Wildfire

Mission Wall revealed in the ashes of Thomas Fire

Mission wall revealed in the ashes of...

VENTURA, Calif. - A  large portion of a wall dating back to the mission era and the 1800s is now visible thanks to the Thomas Fire.

The burn area revealed large portions of the mission wall that had been buried beneath the Ventura Botanical Gardens for at least a century.

The gardens sit on the hillside behind the San Buenaventura Mission and Ventura City Hall.

The Thomas Fire came dangerously close to both the first morning of the firefight.

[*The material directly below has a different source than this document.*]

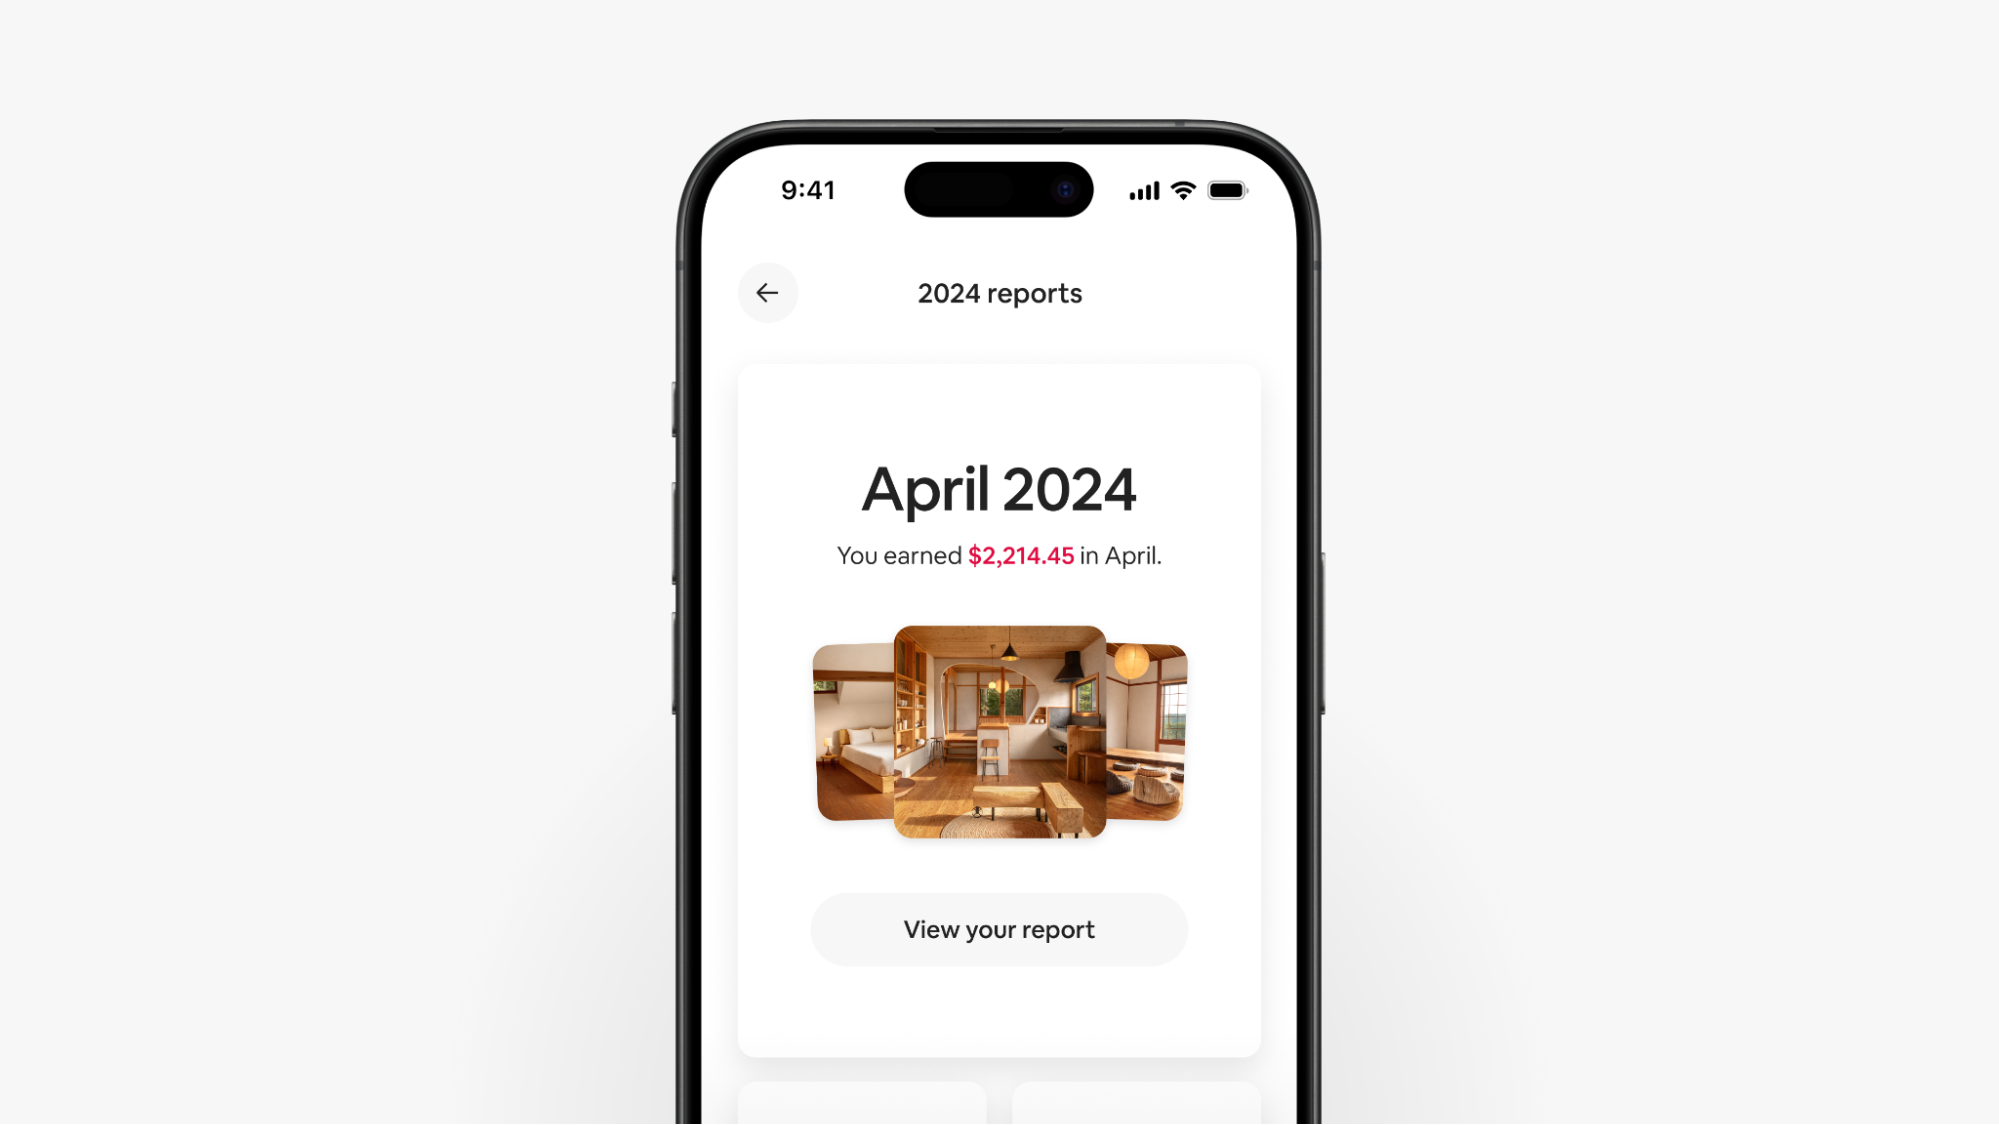 Una schermata nell'hub dei report dell'app mobile riporta il testo "Hai guadagnato 2.214,45 USD ad aprile" sopra un pulsante per consultare il tuo report.

Archeologists and other scientists could always see a bit of the wall didn't know how much remained hidden until now.

California State University Channel Islands' Environmental Science Chair Sean Anderson, Ph.D. said, "There's lots of stuff to be depressed about this fire, it's really cool to have something like this find behind the Mission that is positive and upbeat. This find is going to tell use more about who we are, more about how we started as a people here in Ventura County."

Repairs to the garden are already underway.

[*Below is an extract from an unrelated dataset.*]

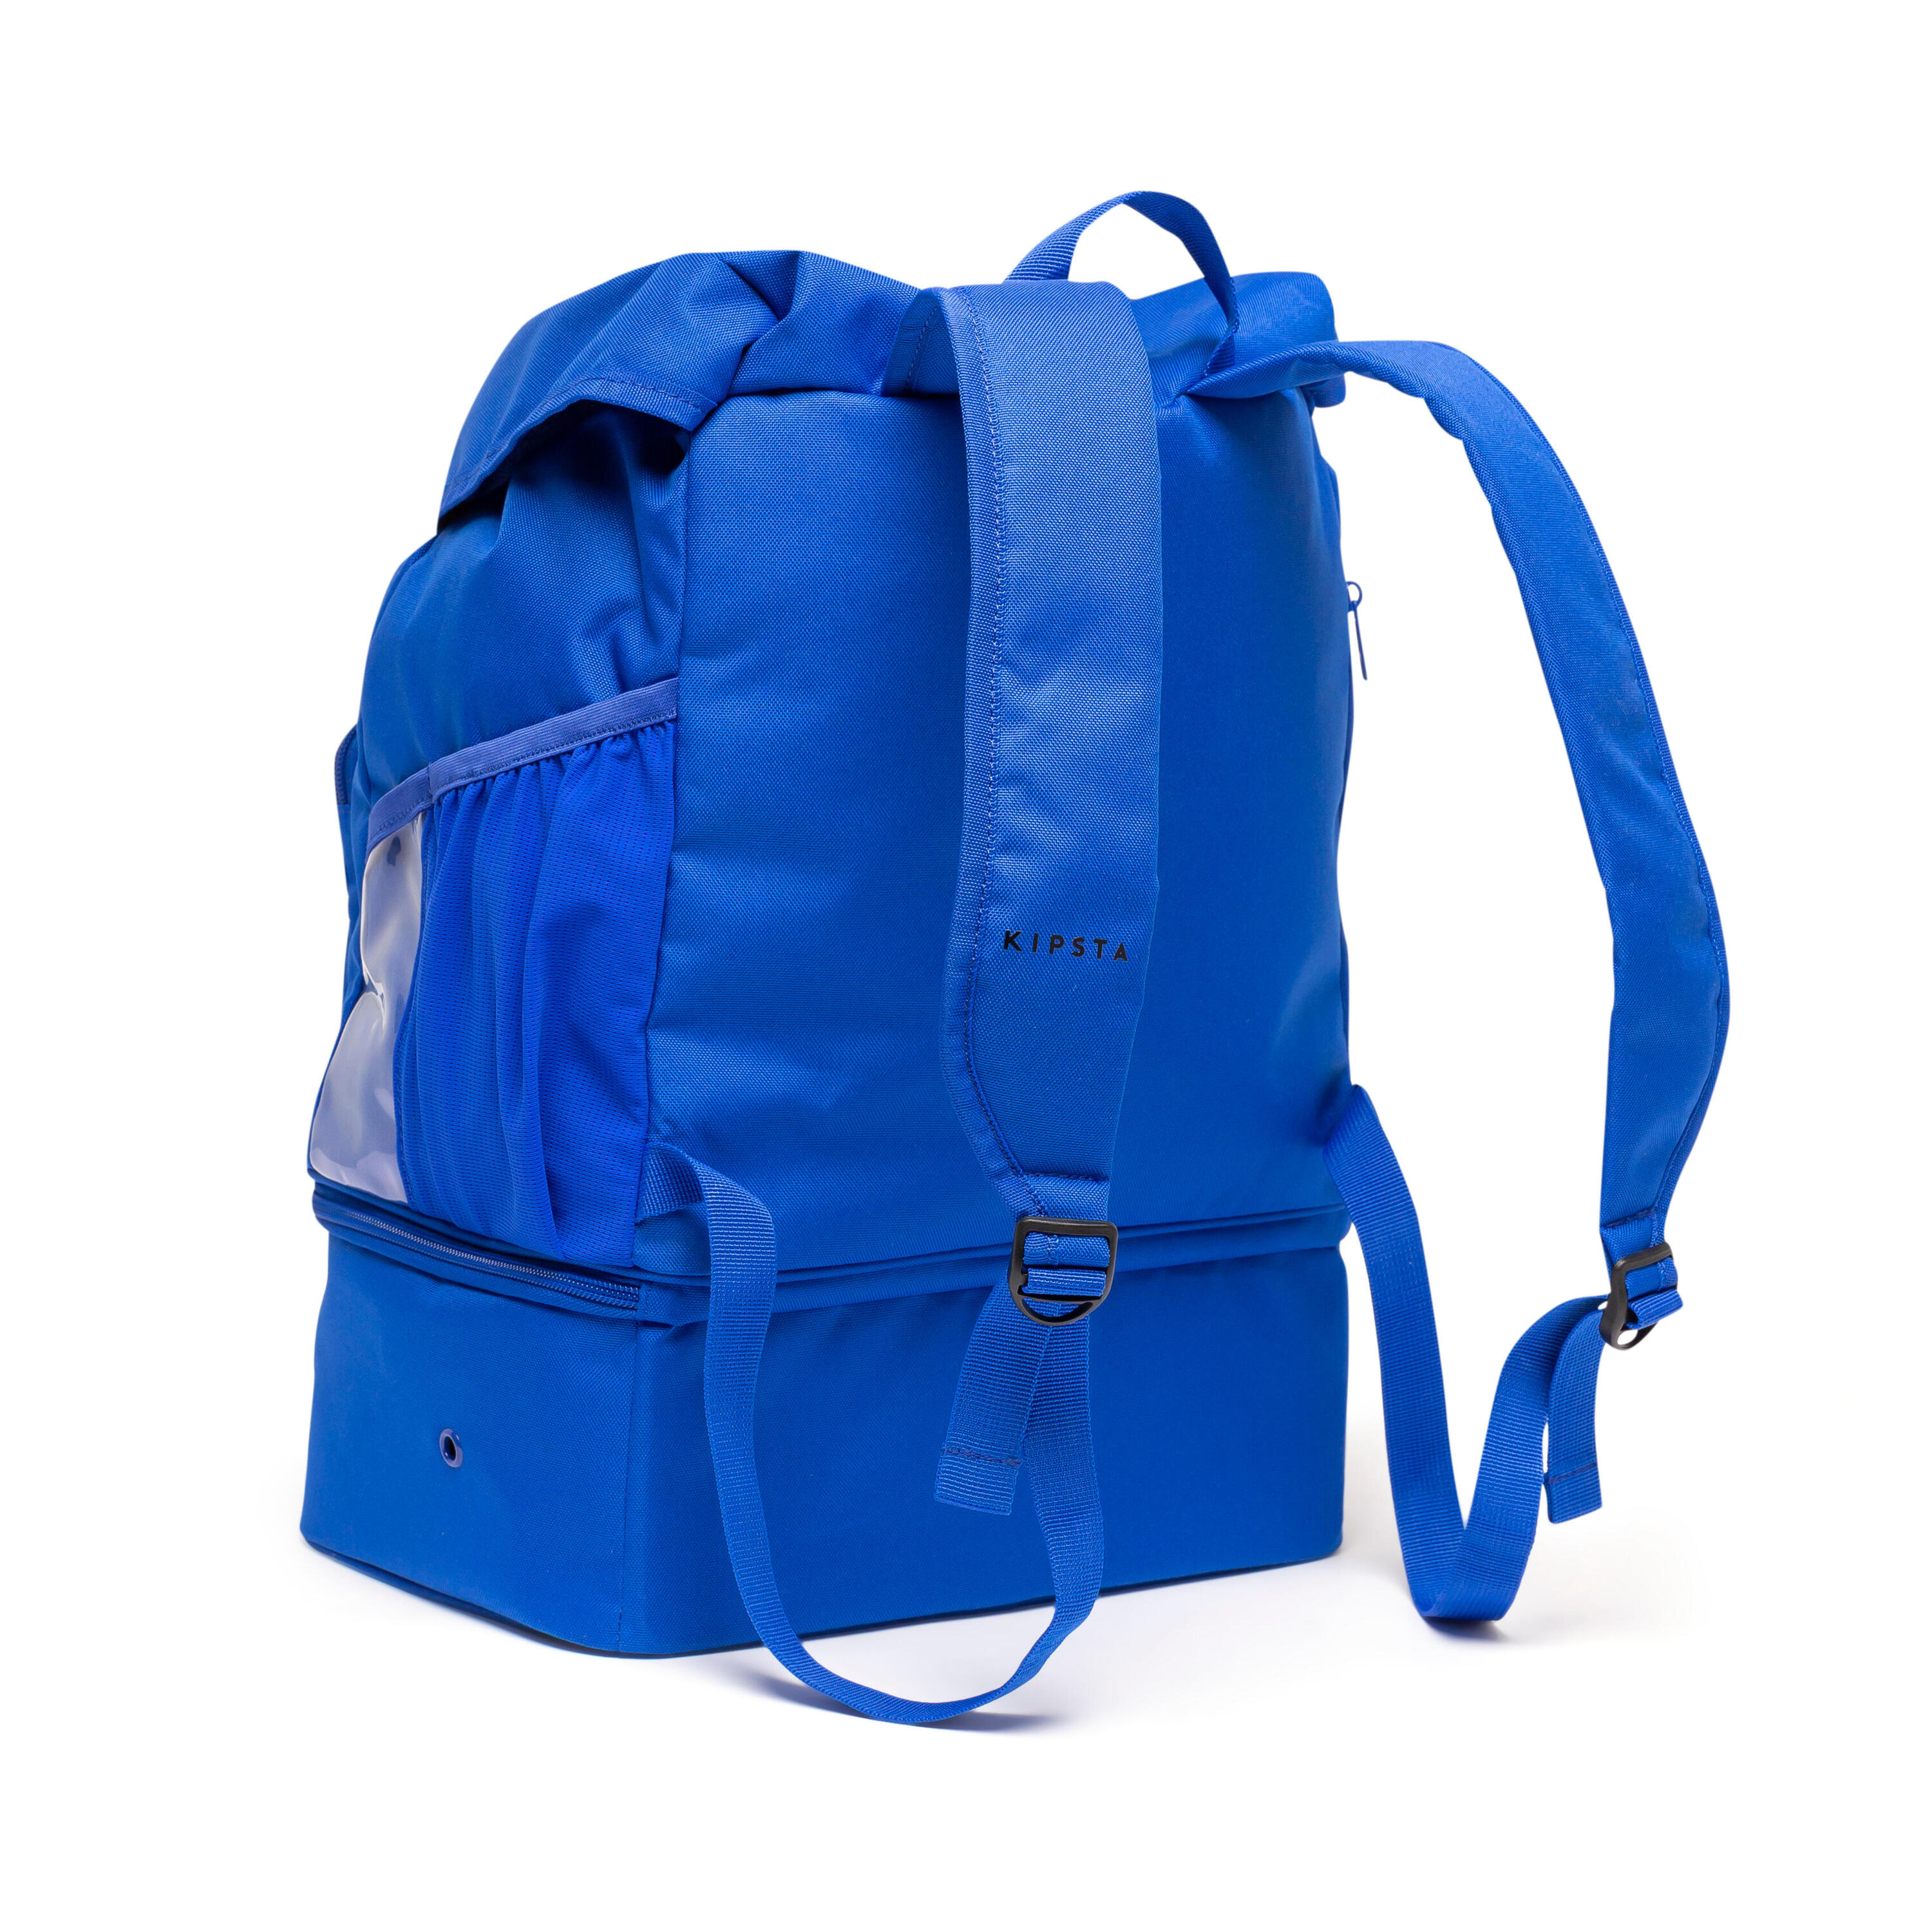 30 L Backpack Hardcase - Royal Blue 6/8

"l live next door the gardens," said Bennett Collings who saw the Thomas Fire engulf the gardens" after evacuating.

The botanist with the Ventura Botanical Gardens toured the area on his golf cart and said is working to bring the scorched plants back to life.

He believes the wall will become an exhibit.

Fr. Tom Elewaut's staff at the San Buenaventura Mission said he was under the weather and could not comment, but they said there is a buzz about the discovery at the Mission in the midst of Christmas celebrations.